[ASSIGNMENT]: Please write out the whole listing that follows exactly; the pictures stay out.
======== DATA EXCERPT ========
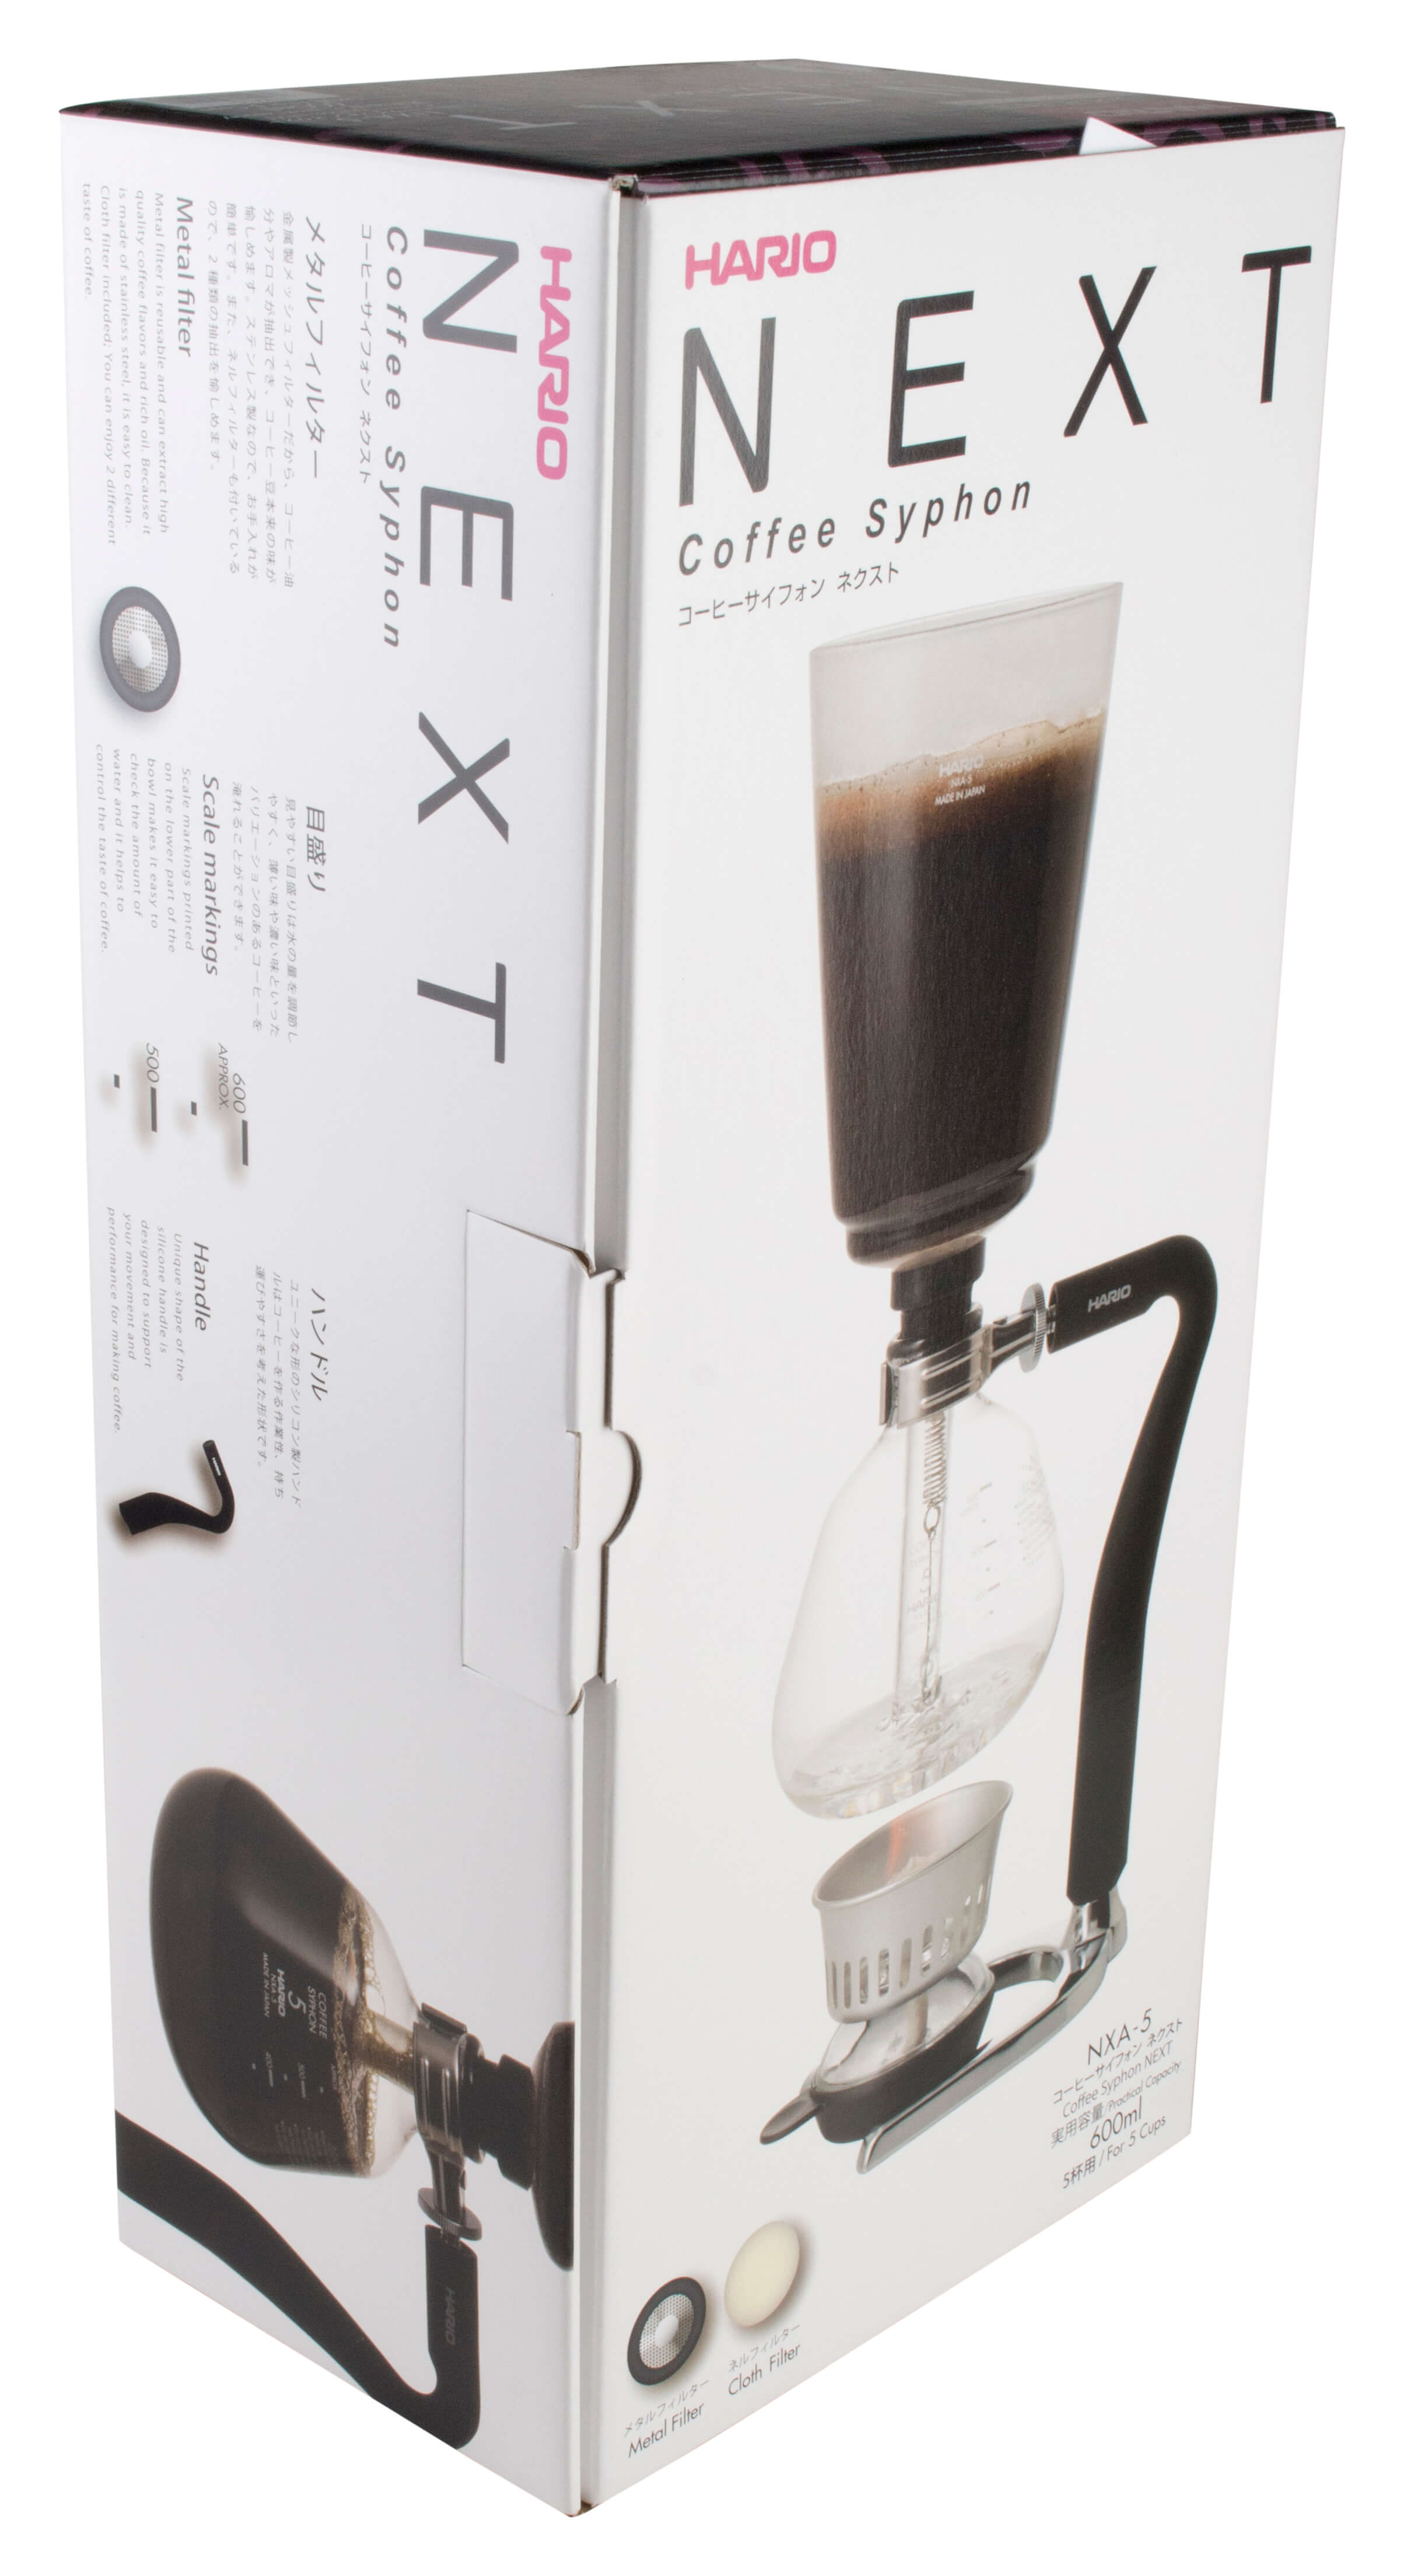 Coffee Syphon Next, Hario - 5 cups, 600ml
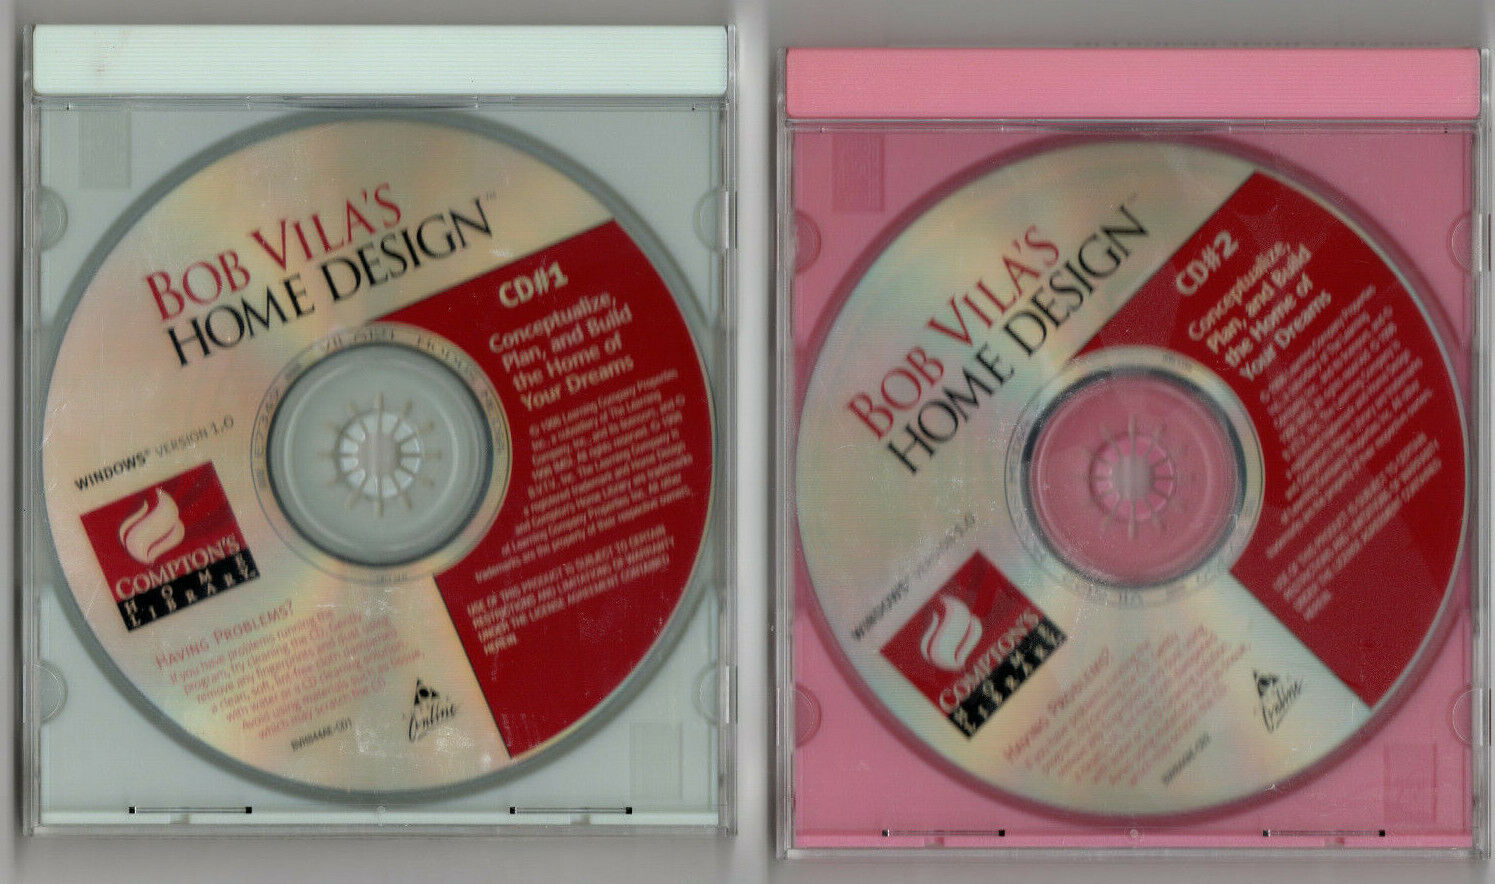 Bob Vila's Home Design - Windows Version 1.0 (PC, 1998, Compton's, 2-Disc)
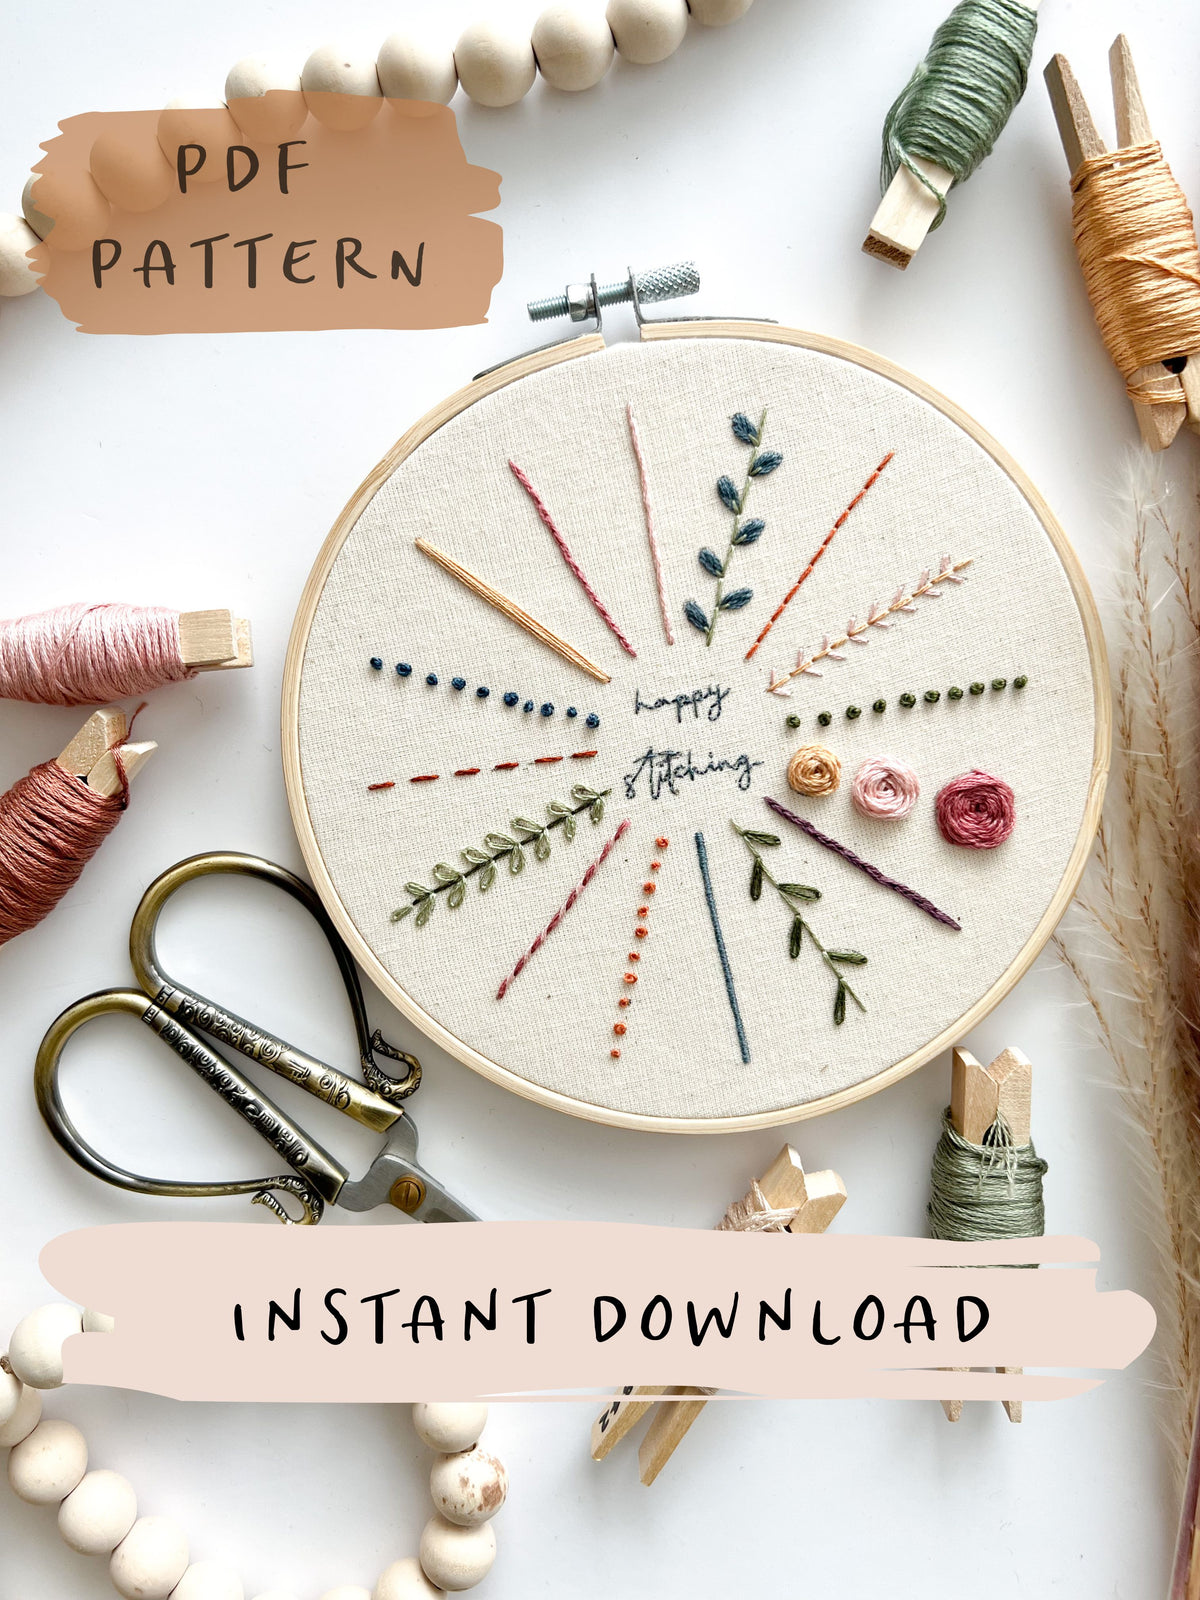 Embroidery Stitches Free PDF Book
========
[PROBLEM SOLUTION]:
 Coffee Syphon Next, Hario - 5 cups, 600ml
 Bob Vila's Home Design - Windows Version 1.0 (PC, 1998, Compton's, 2-Disc)
 Embroidery Stitches Free PDF Book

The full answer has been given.